US telcos put aside differences to tackle authentication

The big four operators in the US have shown that they can actually get along by creating the Mobile Authentication Taskforce, with the objective of creating a mobile authentication solution for enterprises and customers in 2018.

They might spend the majority of the year bickering and arguing but the new Mobile Authentication Taskforce will ensure at least the security guys in the R&D departments will get on. AT&T, Sprint, T-Mobile and Verizon will be joining forces to make sure customers are more secure in the face of more creative hackers and a seemingly endless tirade of security breaches.

We’re wondering who came up with the name, and have decided there are two possible explanations. Either it is an ironically named group by someone who just fancied a bit of fun, or someone in the taskforce wronged the ideas man. In any case, the merry band of super-wannabees have an important task at hand.

“At a time when online and digital services are commonplace, security and authentication are issues that affect us all,” said Alex Sinclair, chief technology officer, GSMA.

“Through strong collaboration, the taskforce announced today has the potential to create impactful benefits for U.S. customers by helping to decrease fraud and identity theft, and increase trust in online transactions. Further, we will be working closely with the taskforce to ensure this solution is aligned and interoperable with solutions deployed by operators.”

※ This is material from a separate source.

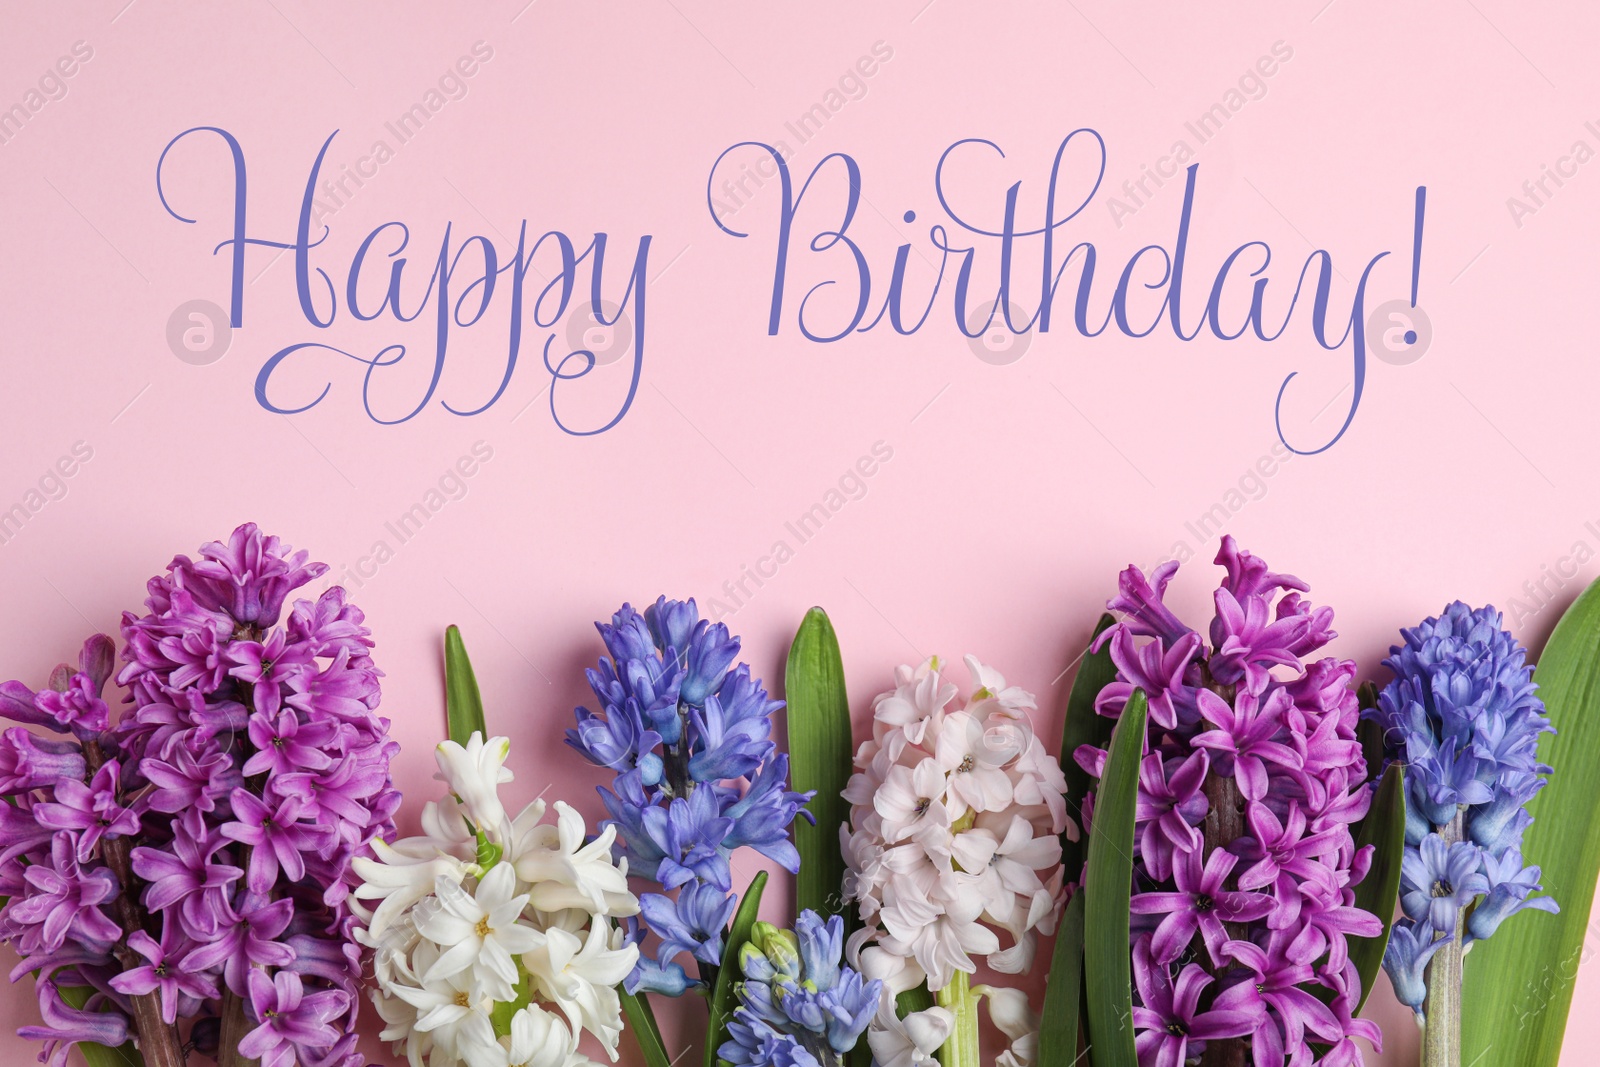 Image of Happy Birthday! Beautiful spring hyacinth flowers on pink background, flat lay

The approach here is less technological and more analytical. Using capabilities such as network-based device authentication, geo-location and SIM card recognition, the aim is to create a solution which will analyse data and activity patterns on a mobile network to predict, with a high degree of certainty, whether the user is who they say they are. It’s the type of idea which will accompany features such as biometric authentication, picking up anomalies should someone be able to navigate around initial defences.

While this type of story encourages a bit of confidence in the operators ability to keep our online lives safe, the story is a bit different in Europe.

New research from Mobileum has highlighted more than a quarter of European operators have experienced increased levels of fraud since mobile roaming charges were abolished throughout the European Union. Since the introduction of EU Regulation IV, 87% of respondents have seen increased data traffic across the network, while 71% of operators highlighted an increase in voice traffic. The increase in traffic might be opening the door for fraud.

“It is still very early stages, but our research highlights that investigations into fraud and abuse in the context of the new regulations are not being flagged,” said Tim Moran, Senior Vice President of Product and Offering at Mobileum. “The generous fair usage policy means it is becoming far more difficult to watch for fraud and abuse.

“We expect fraudsters to be monitoring what loopholes have appeared and how they can be exploited. Given the arbitrage between wholesale interconnect rates for international calls terminating to EU vs. low retail tariffs for regulated calls in some EU markets, we may very well surge in frauds related to CLI filing and international SIM Boxes.”

The challenge here might be down to the IT systems. The existing IT systems might not be coping well with changes required for EU Reg IV, as while operators may have implemented fair usage policy for open data bundles, they are finding detection and action on permanent roamers to be really complex in nature. It also perhaps indicates the operators are not willing to play with each other in the same was the big four are over in the states.